Down the tubes: Common PVC pipes can hack voice identification systems
Researchers are in an arms race with hackers to prevent data theft. Their standard tools include strategies like multi-factor authentication systems, fingerprint technology and retinal scans. One type of security system that is gaining popularity is automatic speaker identification, which uses a person’s voice as a passcode.
These systems, already in use for phone banking and other applications, are good at weeding out attacks that try to fake a user’s voice through digital manipulation. But digital security engineers at the University of Wisconsin–Madison have found these systems are not quite as foolproof when it comes to a novel analog attack. They found that speaking through customized PVC pipes — the type found at most hardware stores — can trick machine learning algorithms that support automatic speaker identification systems.
The team, led by PhD student Shimaa Ahmed and Kassem Fawaz, a professor of electrical and computer engineering, presented their findings Aug. 9 at the Usenix Security Symposium in Anaheim, California.
The risks posed by analog security holes could be far-reaching. Ahmed points out that many commercial companies already sell the technology, with financial institutions among their early customers. The technology is also used for AI-supported personal assistants like Apple’s Siri.
“The systems are advertised now as secure as a fingerprint, but that’s not very accurate,” says Ahmed. “All of those are susceptible to attacks on speaker identification. The attack we developed is very cheap; just get a tube from the hardware store and change your voice.”
The project began when the team began probing automatic speaker identification systems for weaknesses. When they spoke clearly, the models behaved as advertised. But when they spoke through their hands or talked into a box instead of speaking clearly, the models did not behave as expected.
Ahmed investigated whether it was possible to alter the resonance, or specific frequency vibrations, of a voice to defeat the security system. Because her work began while she was stuck at home due to COVID-19, Ahmed began by speaking through paper towel tubes to test the idea. Later, after returning to the lab, the group hired Yash Wani, then an undergraduate and now a PhD student, to help modify PVC pipes at the UW Makerspace. Using various diameters of pipe purchased at a local hardware store, Ahmed, Yani and their team altered the length and diameter of the pipes until they could produce the same resonance as they voice they were attempting to imitate.
Eventually, the team developed an algorithm that can calculate the PVC pipe dimensions needed to transform the resonance of almost any voice to imitate another. In fact, the researchers successfully fooled the security systems with the PVC tube attack 60 percent of the time in a test set of 91 voices, while unaltered human impersonators were able to fool the systems only 6 percent of the time.
The spoof attack works for a couple of reasons. First, because the sound is analog, it bypasses the voice authentication system’s digital attack filters. Second, the tube does not transform one voice into an exact copy of another, but instead spoofs the resonance of the target voice, which is enough to cause the machine learning algorithm to misclassify the attacking voice.
Fawaz says part of the motivation behind the project is simply to alert the security community that voice identification is not as secure as many people think it is, though he says many researchers are already aware of the technology’s flaws.
The project has a bigger goal as well.
“We’re trying to say something more fundamental,” Fawaz says. “Generally, all machine learning applications that are analyzing speech signals make an assumption that the voice is coming from a speaker, through the air to a microphone. But you shouldn’t make assumptions that the voice is what you expect it to be. There are all sorts of potential transformations in the physical world to that speech signal. If that breaks the assumptions underlying the system, then the system will misbehave.”
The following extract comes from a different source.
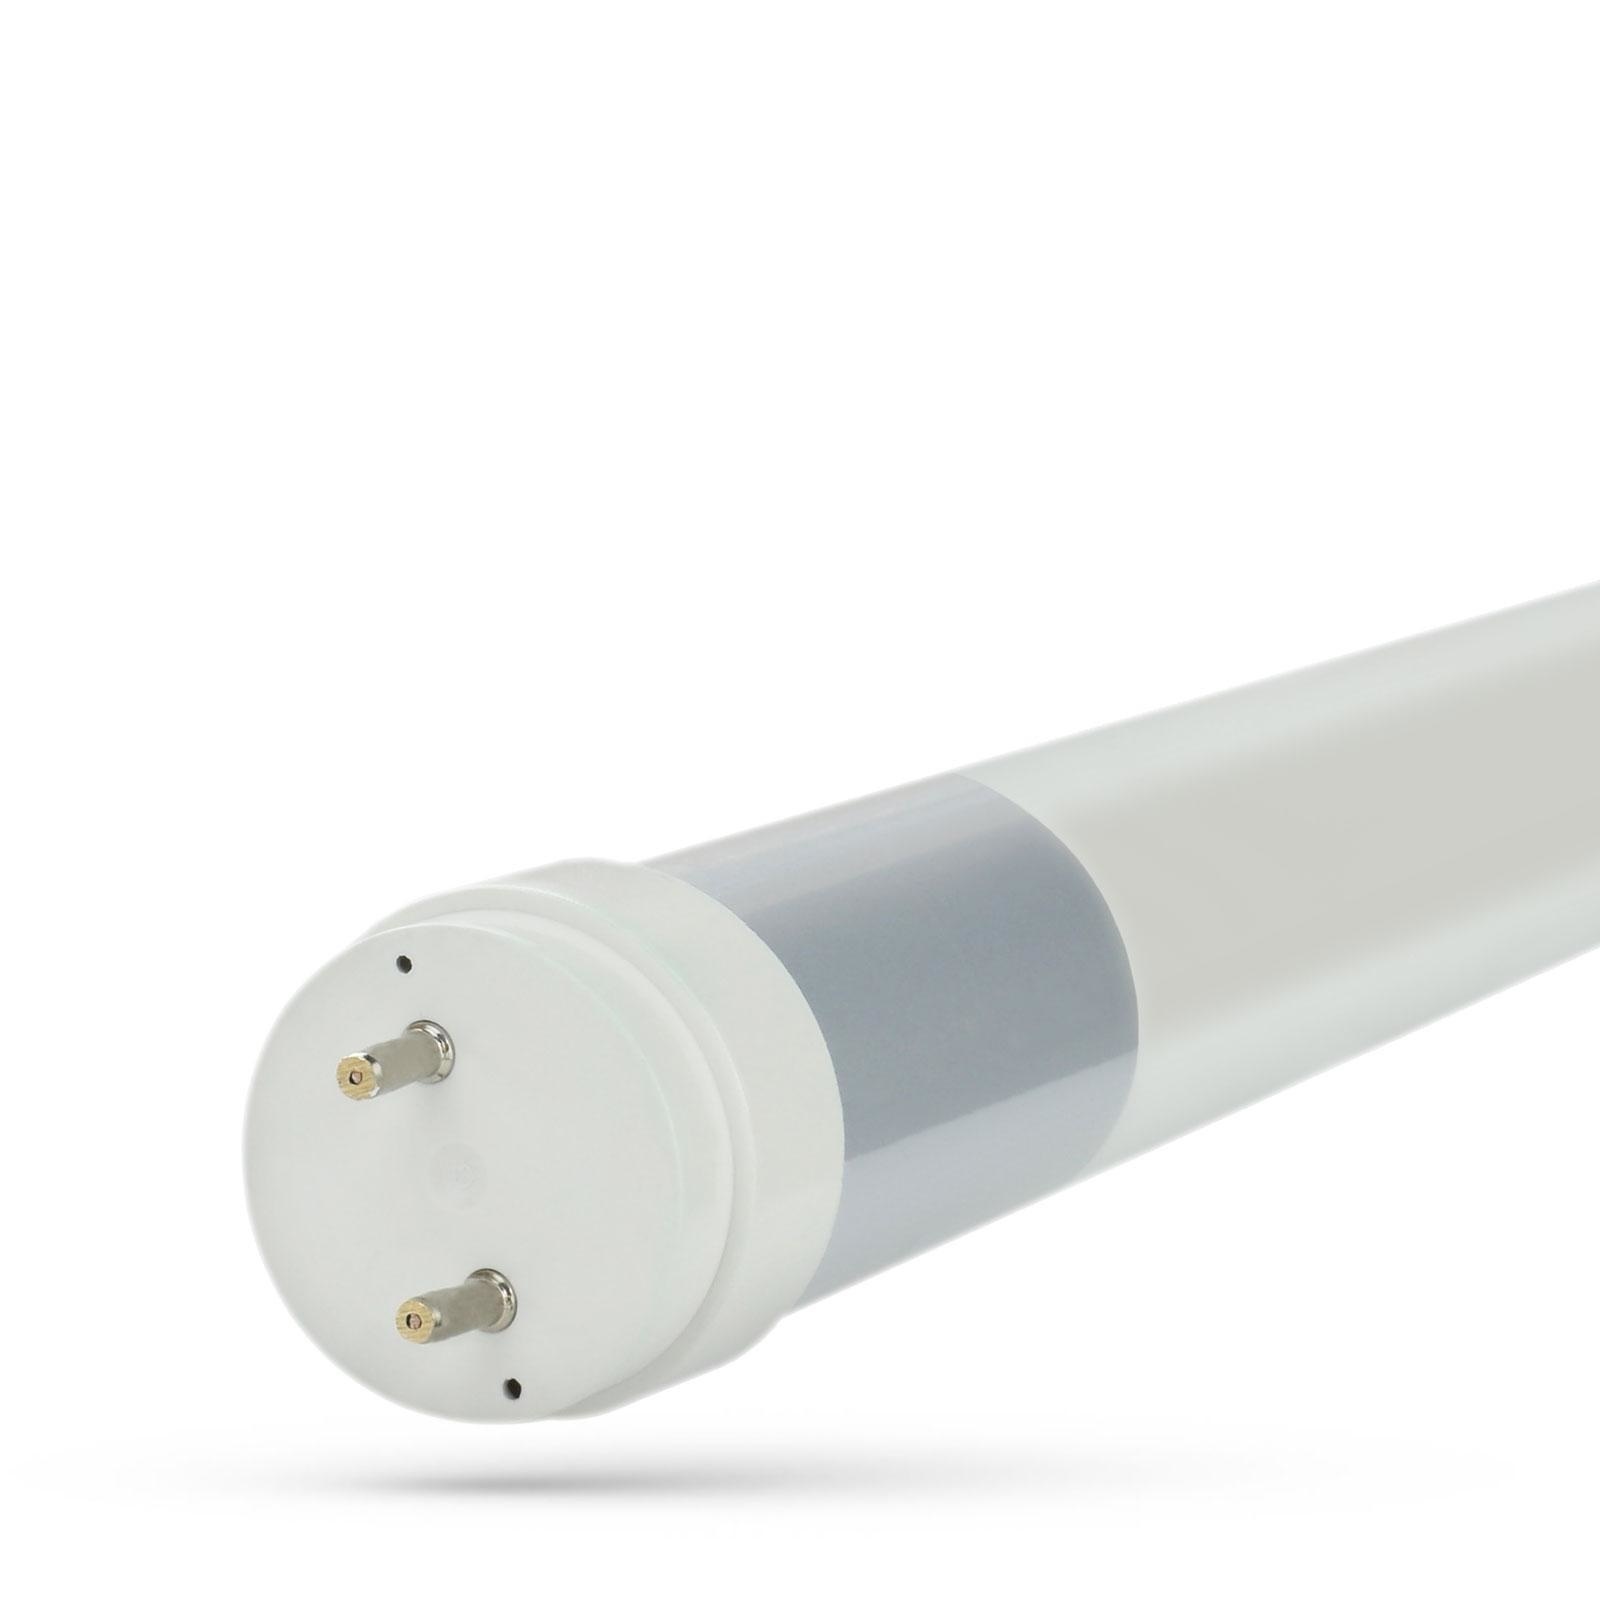 pureled 2er Pack LED Röhre 120cm - GLAS T8 G13 - warmweiß (3000K) - 18W  (ersetzt 36W) - 1800 Lumen - inklusive Starter - Leuchtstoffröhre Neonröhre  Röhrenlampe LED-Tube : : Beleuchtung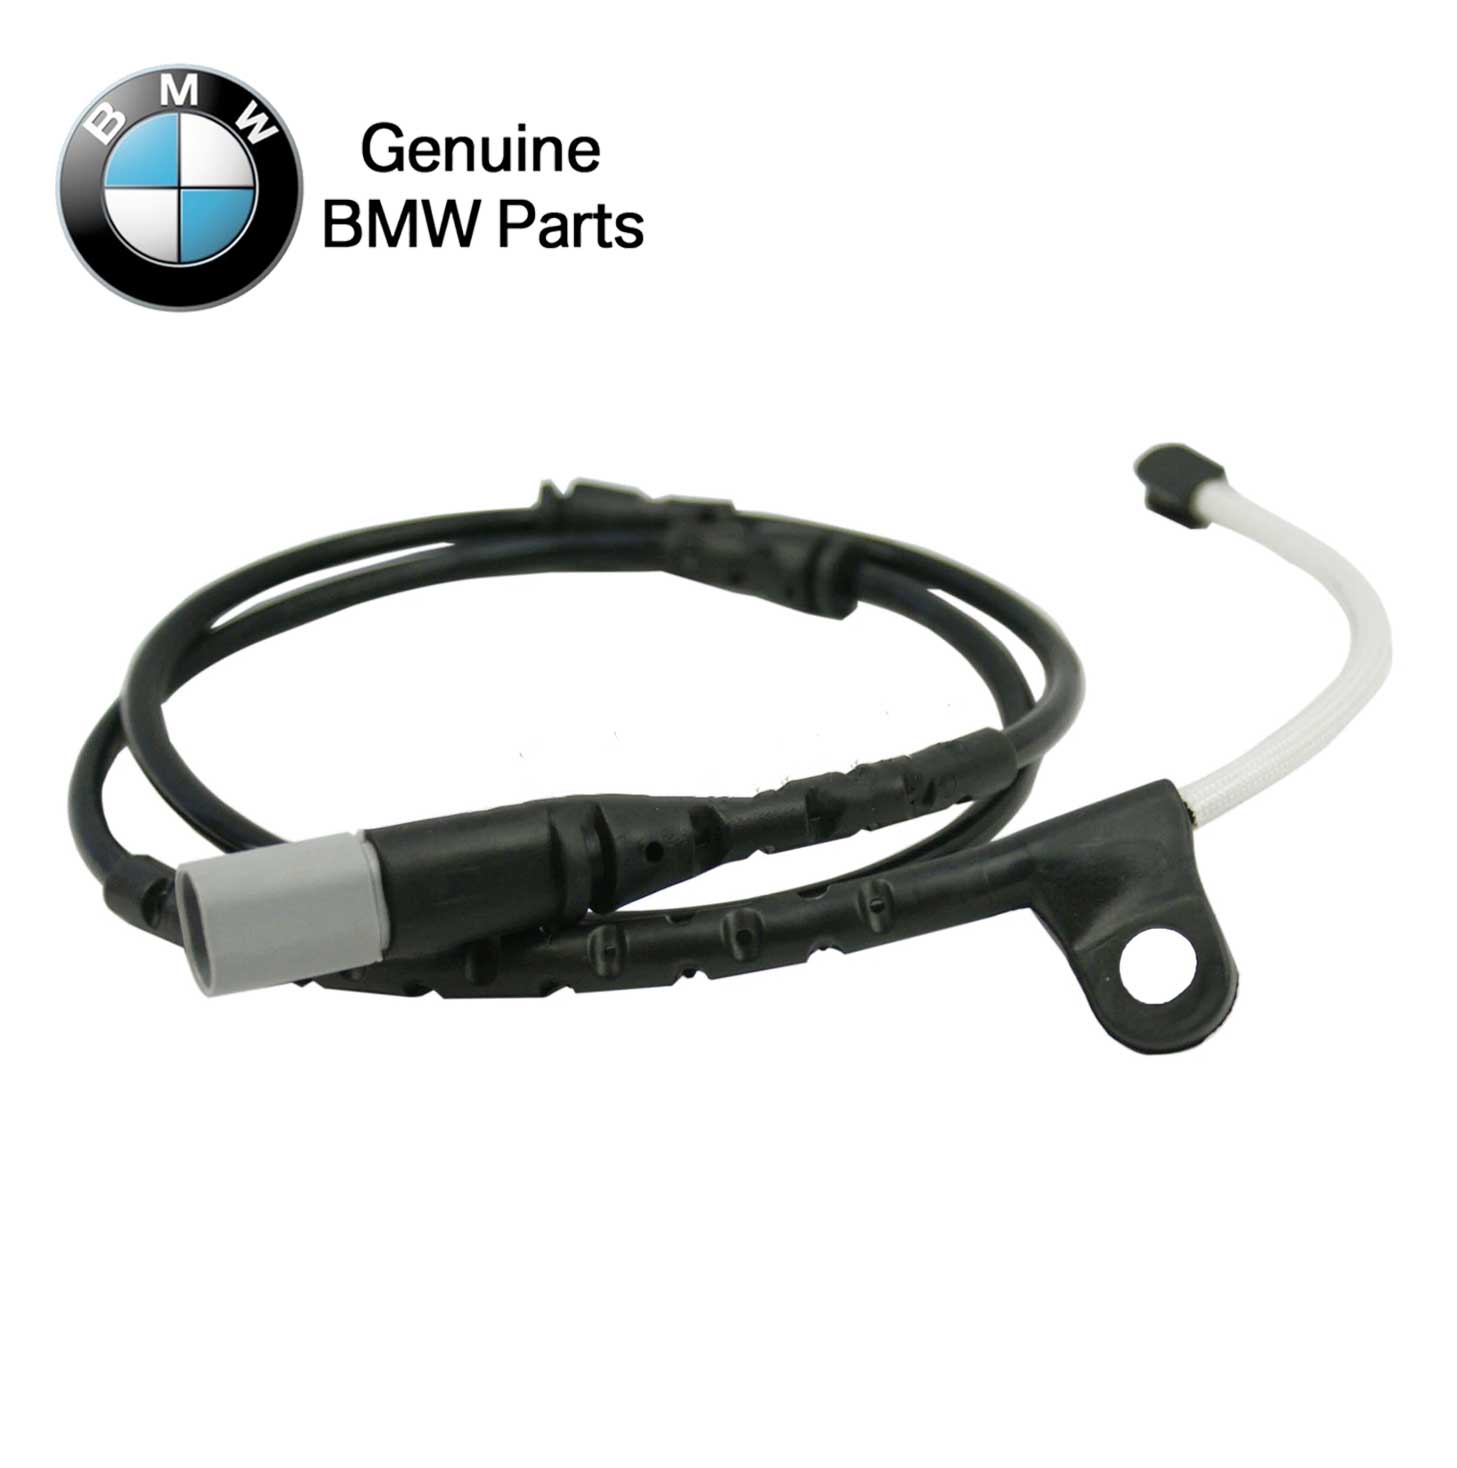 BMW Genuine SENSOR (Original Parts Without Sticker Level and Neutral Box) 34356860181

Other authors of the study include Ali Shahin Shamsabadi of the Alan Turing Institute; Mohammed Yaghini and Nicholas Papernot of the University of Toronto and Vector Institute and Ilia Shumailov of the University of Oxford and Vector Institute.
The authors acknowledge support from DARPA (through the GARD program); the Wisconsin Alumni Research Foundation; the NSF through awards CNS-1838733 and CNS-2003129; CIFAR (through a Canada CIFAR AI Chair), NSERC (under the Discovery Program and COHESA strategic research network), a gift from Intel, and a gift from NVIDIA.